Ta ostatnia seria zdjęć pokazuje interakcje konstruktu FSL z markerami grup krwi. Pierwszy obraz przedstawia ludzkie cyty GLI krwinek czerwonych pokryte stężeniem FSLG 500 mikrogramów na mililitr testowanym w porównaniu z rozcieńczeniami ludzkiej surowicy. Ludzkie krwinki czerwone nie reagują naturalnie z antygenem Xena antygenem GALI.
W związku z tym cyty mogą być wykorzystywane do ilościowego określania poziomu przeciwciał w surowicy. W tym przykładzie stwierdzono, że pacjent ma miano antygi od jednego do 32, tworząc cyty o malejącym poziomie FSL. Podobnie jak w przypadku tworzenia miana antygenu, można określić optymalny poziom antygenu do wykrywania przeciwciał, komórki można tworzyć tak, aby dawały pozytywny wynik tylko wtedy, gdy poziom przeciwciał przekroczy określone miano.
Poziom antygenu FSL wymagany do uzyskania wyniku dodatniego zależy od jakości i poziomu wykrywanych przeciwciał. Zazwyczaj w przypadku antygenów węglowodanowych roztwór FSL o stężeniu 100 mikrogramów na mililitr spowoduje silną reakcję dodatnią. Ludzkie krwinki czerwone grupy O zmodyfikowane tak, aby miały określony poziom antygenu lub tzw. standaryzowane.
Cyty A są wykorzystywane do dokładnego i powtarzalnego oznaczania ilościowego antya w ludzkiej surowicy.
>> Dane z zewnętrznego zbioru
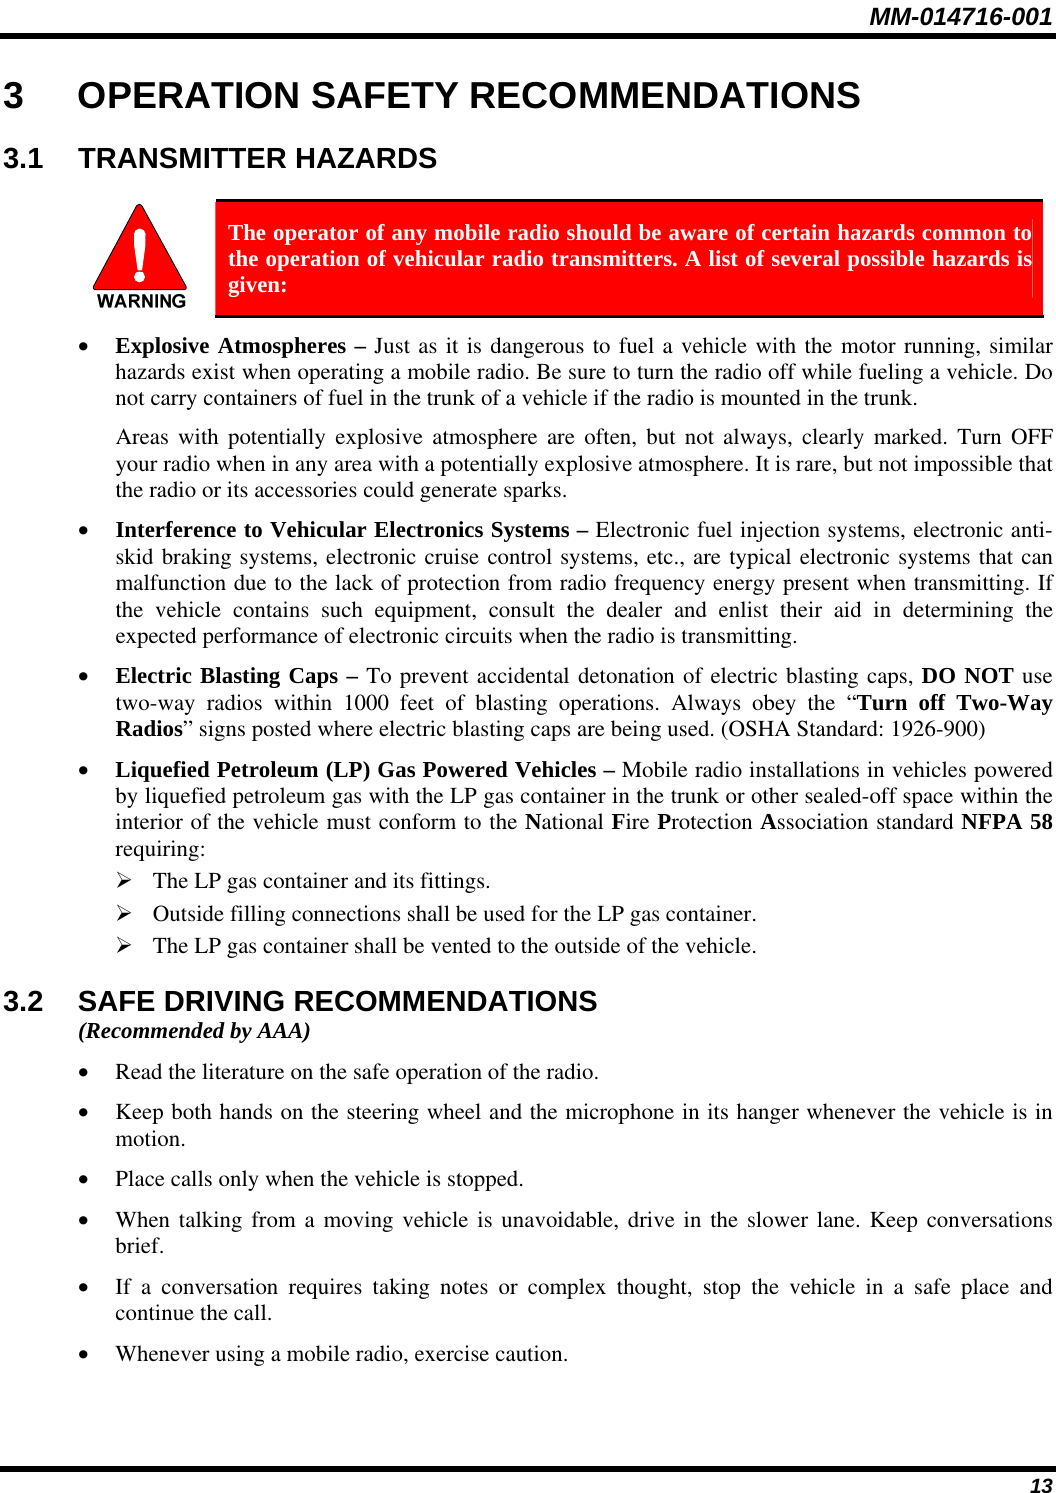 MM-014716-001 13 3 OPERATION SAFETY RECOMMENDATIONS 3.1 TRANSMITTER HAZARDS   The operator of any mobile radio should be aware of certain hazards common to the operation of vehicular radio transmitters. A list of several possible hazards is given: • Explosive Atmospheres – Just as it is dangerous to fuel a vehicle with the motor running, similar hazards exist when operating a mobile radio. Be sure to turn the radio off while fueling a vehicle. Do not carry containers of fuel in the trunk of a vehicle if the radio is mounted in the trunk. Areas with potentially explosive atmosphere are often, but not always, clearly marked. Turn OFF your radio when in any area with a potentially explosive atmosphere. It is rare, but not impossible that the radio or its accessories could generate sparks. • Interference to Vehicular Electronics Systems – Electronic fuel injection systems, electronic anti-skid braking systems, electronic cruise control systems, etc., are typical electronic systems that can malfunction due to the lack of protection from radio frequency energy present when transmitting. If the vehicle contains such equipment, consult the dealer and enlist their aid in determining the expected performance of electronic circuits when the radio is transmitting. • Electric Blasting Caps – To prevent accidental detonation of electric blasting caps, DO NOT use two-way radios within 1000 feet of blasting operations. Always obey the “Turn off Two-Way Radios” signs posted where electric blasting caps are being used. (OSHA Standard: 1926-900) • Liquefied Petroleum (LP) Gas Powered Vehicles – Mobile radio installations in vehicles powered by liquefied petroleum gas with the LP gas container in the trunk or other sealed-off space within the interior of the vehicle must conform to the National Fire Protection Association standard NFPA 58 requiring: ¾ The LP gas container and its fittings. ¾ Outside filling connections shall be used for the LP gas container. ¾ The LP gas container shall be vented to the outside of the vehicle. 3.2  SAFE DRIVING RECOMMENDATIONS (Recommended by AAA) • Read the literature on the safe operation of the radio. • Keep both hands on the steering wheel and the microphone in its hanger whenever the vehicle is in motion. • Place calls only when the vehicle is stopped. • When talking from a moving vehicle is unavoidable, drive in the slower lane. Keep conversations brief. • If a conversation requires taking notes or complex thought, stop the vehicle in a safe place and continue the call. • Whenever using a mobile radio, exercise caution.

W tym przykładzie cyty przygotowano z własnych krwinek czerwonych dawcy i stwierdzono, że poziom antya w badanej surowicy grupy O wynosi od 1 do 32. Pokazane tutaj w szóstej probówce antygeny grupy krwi A i B jednocześnie wprowadzone do pojedynczej próbki czerwonych krwinek grupy O zostały użyte do stworzenia cytów tygodnia B.
Cyty te mogą być wykorzystywane do celów kontroli jakości VO. Analiza specjalnie opracowanych cytów tygodniowych, B testowanych pod kątem odczynników antya i anty B daje oczekiwane słabe reakcje, jak pokazano na tym rysunku z reakcjami zachodzącymi w środkowej dolnej części probówek. Tę prostą technikę można wykonać w dwie godziny, jeśli zostanie wykonana prawidłowo.
Niniejszy artykuł omawia zastosowanie konstrukcji Funkcjonalno-Rozdzielczo-Lipidowych (FSL) do modyfikacji powierzchni żywych komórek i wirionów bez naruszenia ich żywotności. Metoda polega na prostym kontakcie z roztworem konstrukcji FSL, prowadzącym do spontanicznego i stabilnego wbudowania się w powierzchnię.